“Acontece, porém, que a mente humana corre perigo; mas, foi precisamente contra esse perigo que a autoridade religiosa sempre se constituiu; pois é absolutamente necessário que, contra ele, alguma barreira se erga; de outra forma é toda a raça humana que arrisca afundar-se.

O perigo consiste no facto do intelecto humano ter a liberdade de se destruir a si mesmo. Uma geração de pensadores pode acabar com o pensamento, ensinando à geração seguinte que o pensamento humano é totalmente desprovido de valor. E, isto, porque o acreditar-se na validade da razão, é uma questão de fé.

 É um acto de fé afirmar que os nossos pensamentos têm qualquer espécie de relação com a realidade que nos cerca e, até, que essa realidade é real e não uma criação da nossa mente.

Mais tarde ou mais cedo – como de facto aconteceu - qualquer céptico poderá perguntar ”porque motivo hão-de, a observação e a dedução, serem válidas? Porque motivo não há-de a lógica ser tão enganadora como a irracionalidade?”

Ora, este, é o tipo de pensamento que põe fim ao pensamento. E, é o único pensamento a que é absolutamente necessário pôr fim.

Esse é o mal definitivo a que sempre se opôs a autoridade religiosa, um mal que sempre se manifesta no termo de  épocas decadentes como a nossa.

Pondo-se em causa a validade do pensamento põem-se em causa todas as suas conclusões.

 Ora bem, foi contra esta ruína, que a Igreja Católica como um sistema militar se ergueu.
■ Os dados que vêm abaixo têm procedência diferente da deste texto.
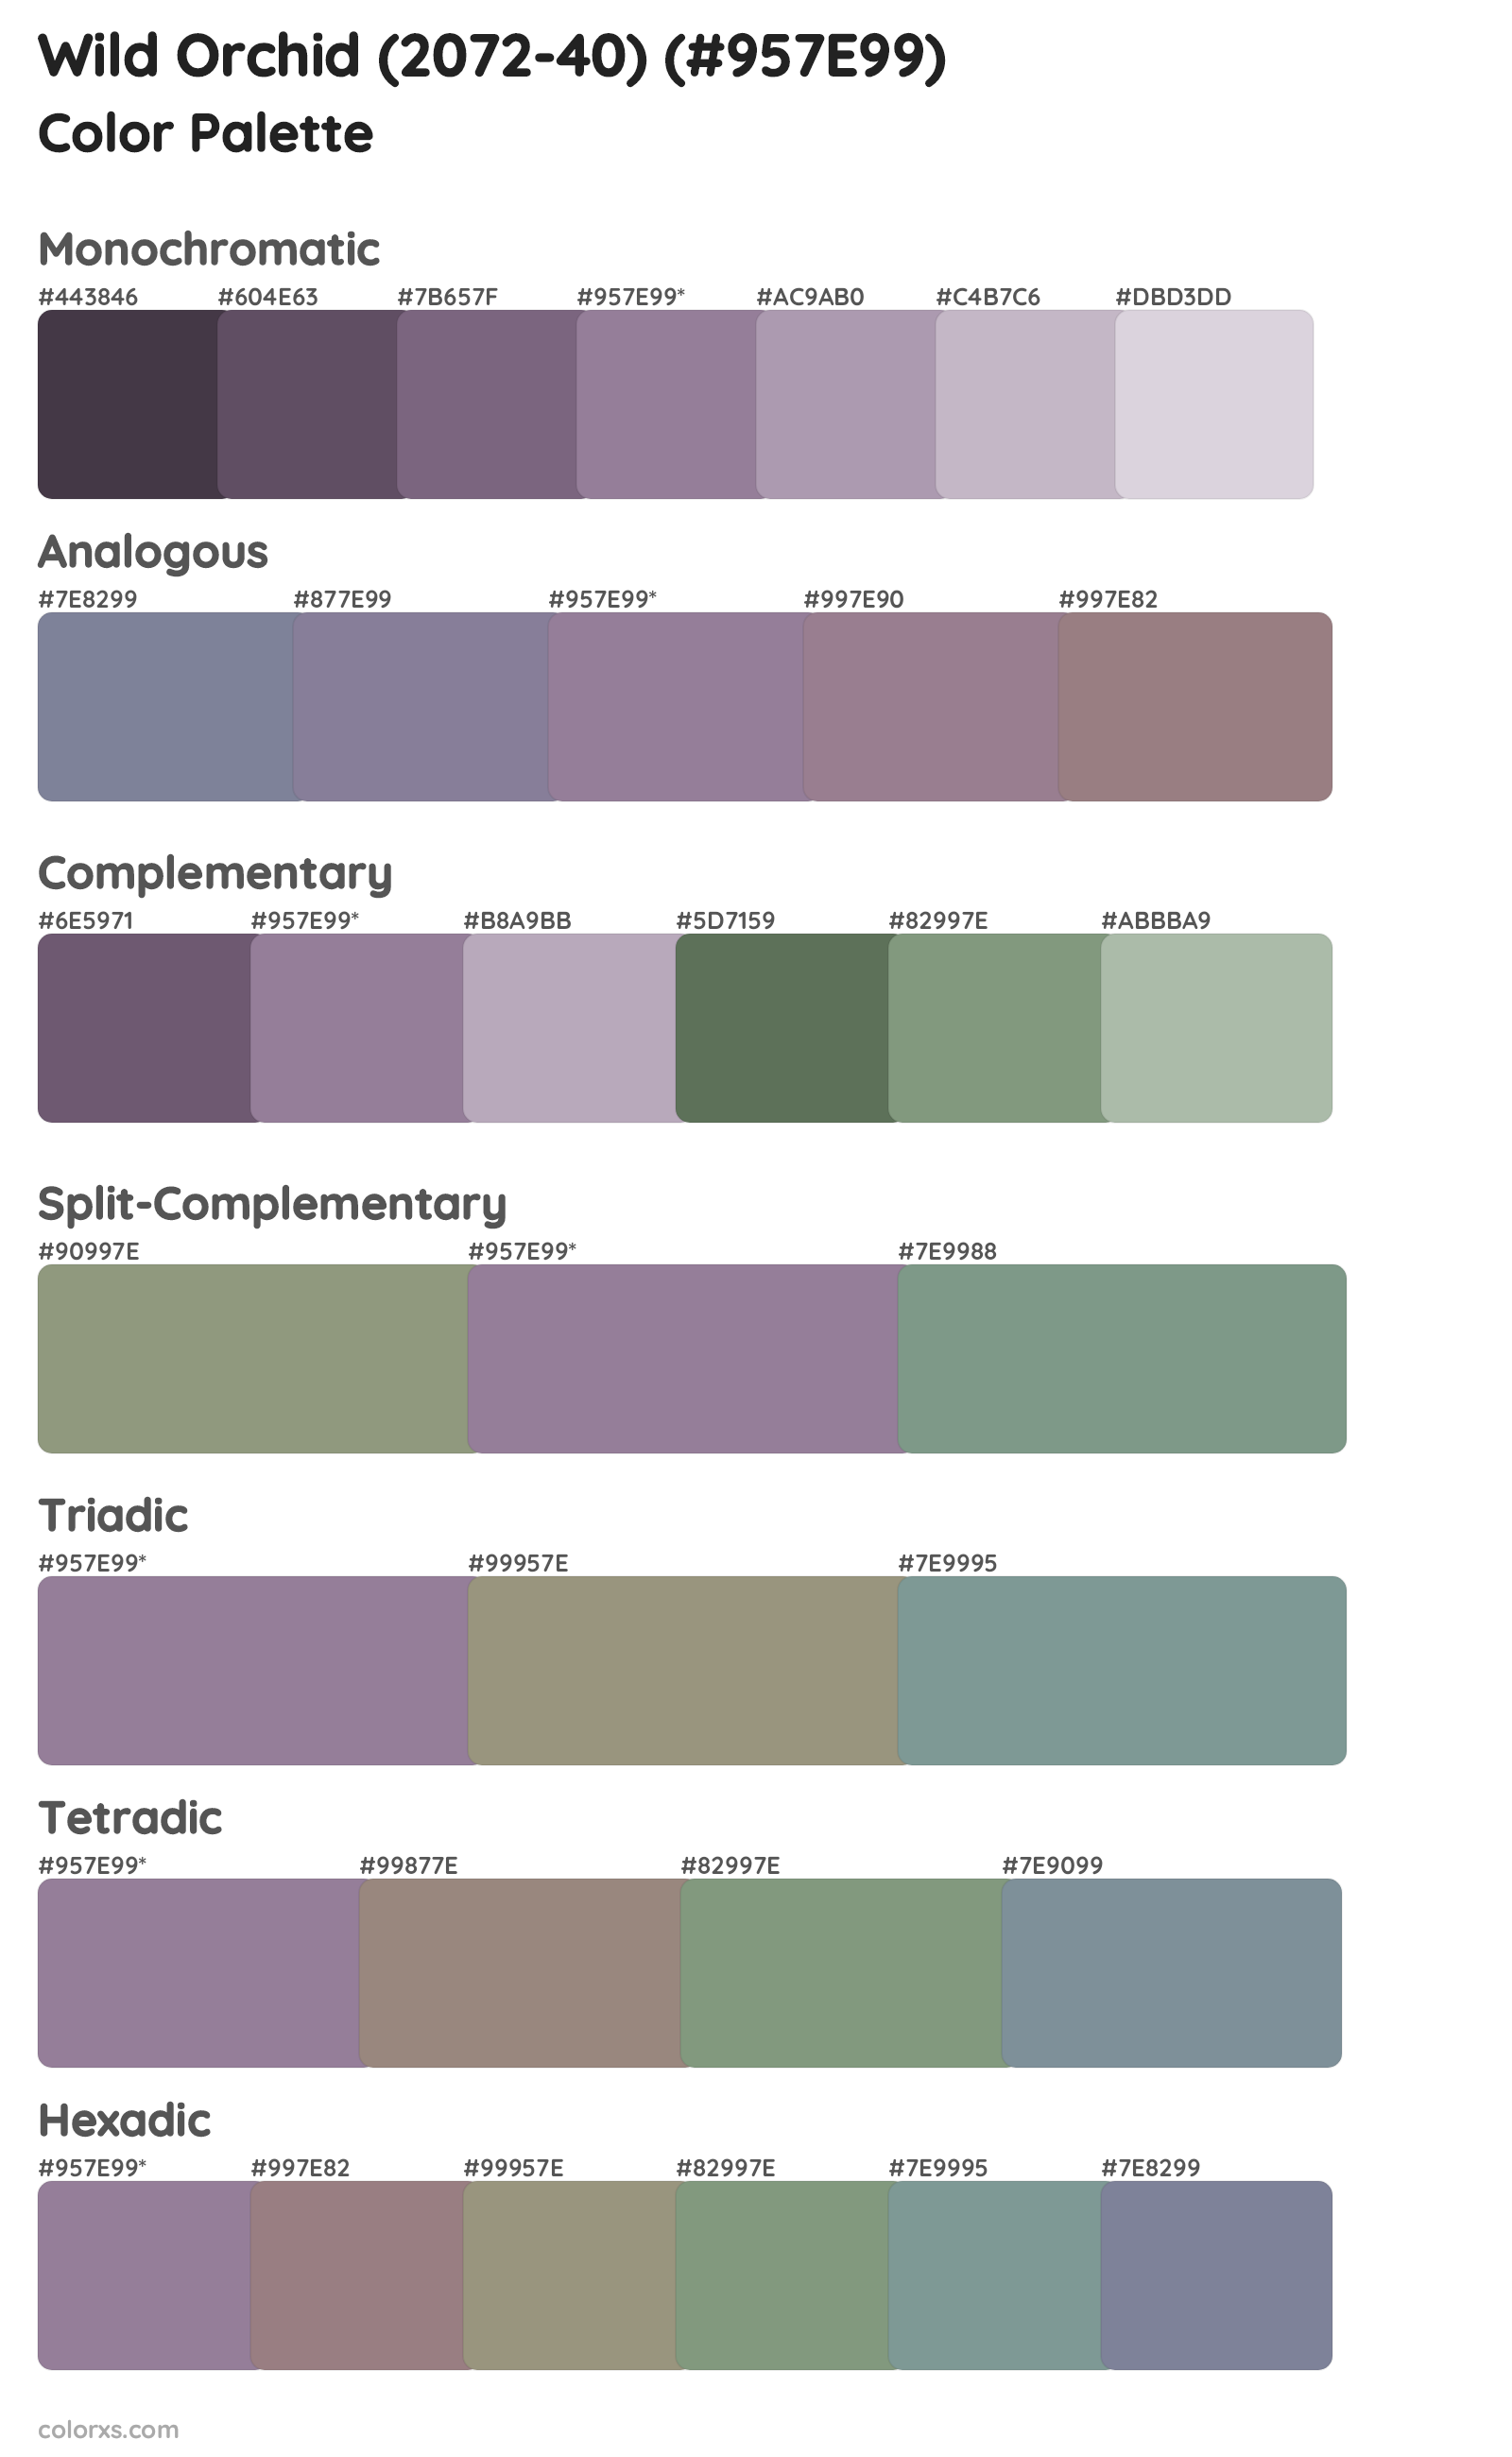 Wild Orchid (2072-40) Color Scheme Palettes
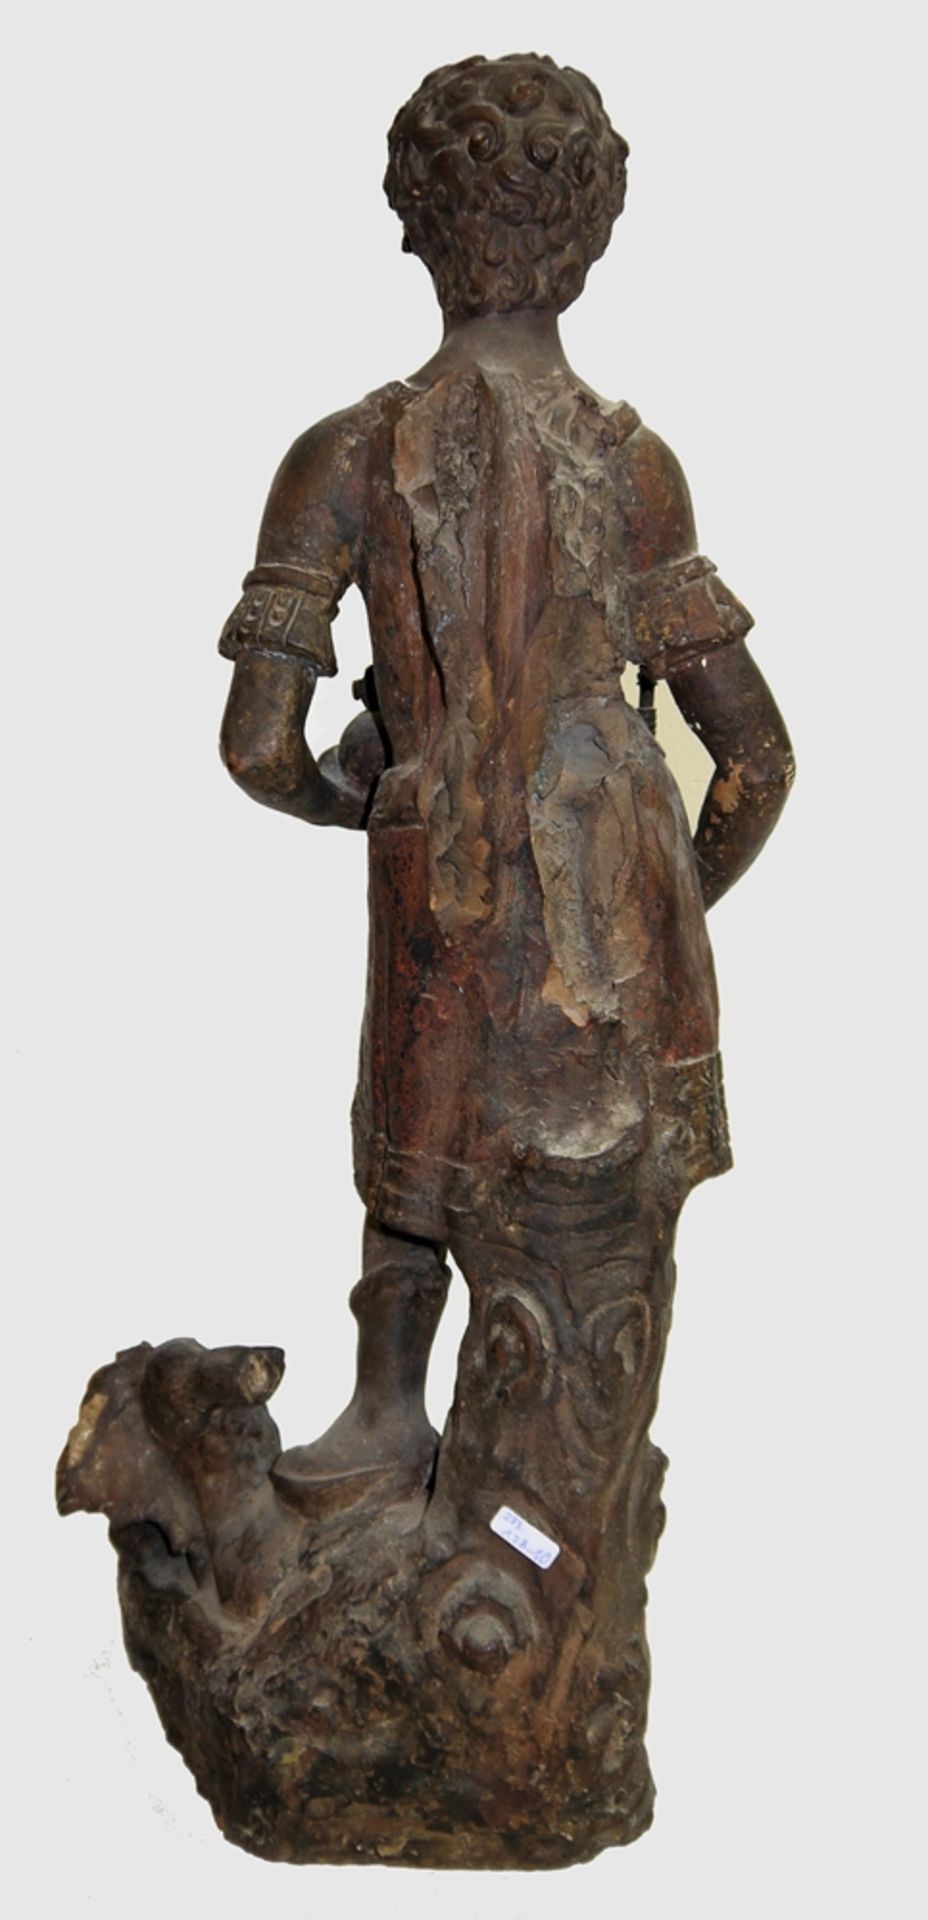 Anonym, Norditalien um 1600, Erzengel Michael auf dem besiegten Teufel stehend, große Terracotta- - Bild 4 aus 4
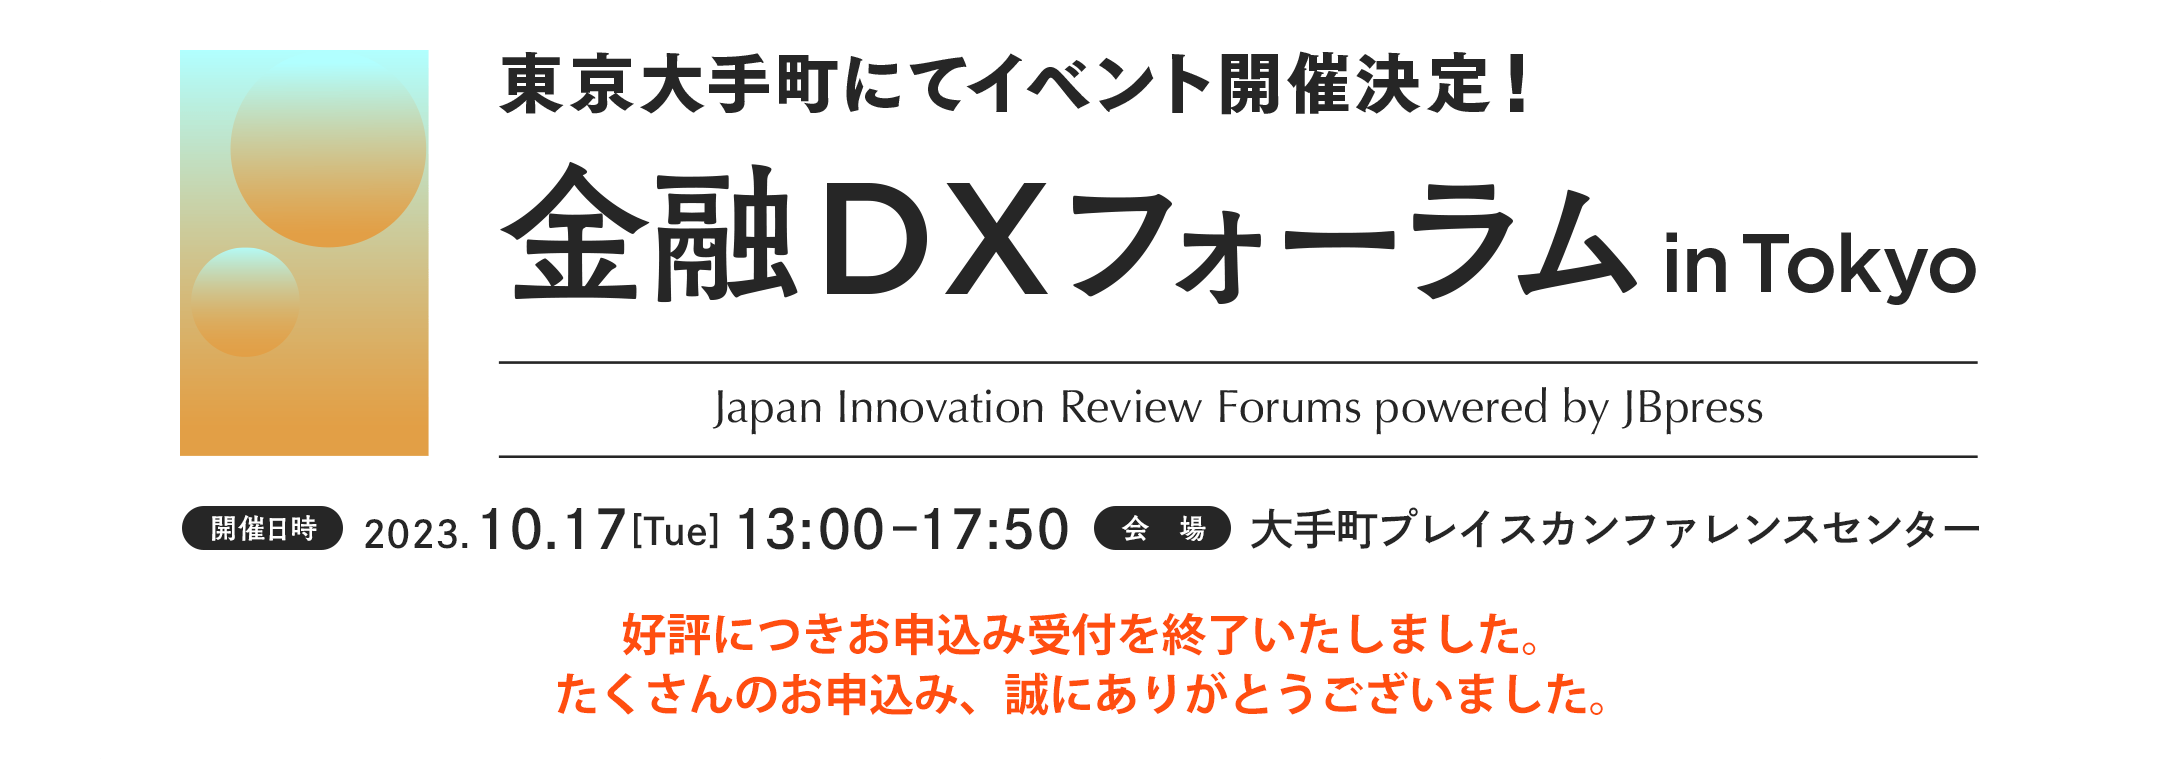 金融DXフォーラム in Tokyo

Os credos e as cruzadas, as hierarquias e as perseguições, não foram organizadas – como afirmam os ignorantes – para suprimir a razão; pelo contrário, foram organizadas em prol da difícil defesa da razão. Por um instinto cego, os homens sabiam que, quando a natureza das coisas começasse a ser irreflectidamente questionada, também a própria razão seria posta em causa.

  A autoridade que os sacerdotes tinham para absolver, a autoridade que os Papas tinham para definir a autoridade, a própria autoridade que os inquisidores tinham para disciplinar – tudo isso mais não era do que defesas erigidas em torno duma autoridade central, de uma autoridade mais indemonstrável, mais sobrenatural do que todas elas - a autoridade que os homens tinham para pensar.

 Sabemos hoje que era assim; na medida em que a religião foi desaparecendo foi desaparecendo, com ela, a razão. Porque ambas gozam do mesmo género autoridade básica; ambas são métodos demonstrativos que não são passiveis de ser demonstrados. E, no processo de destruir a Autoridade Divina, aquilo que fizemos foi destruir a autoridade humana por meio da qual podíamos afirmar com segurança que dois mais dois é sempre igual a quatro. 

 Com um longo e eficaz puxão tirámos a mitra da cabeça do Pontífice; acontece que foi a nossa cabeça que veio atrás."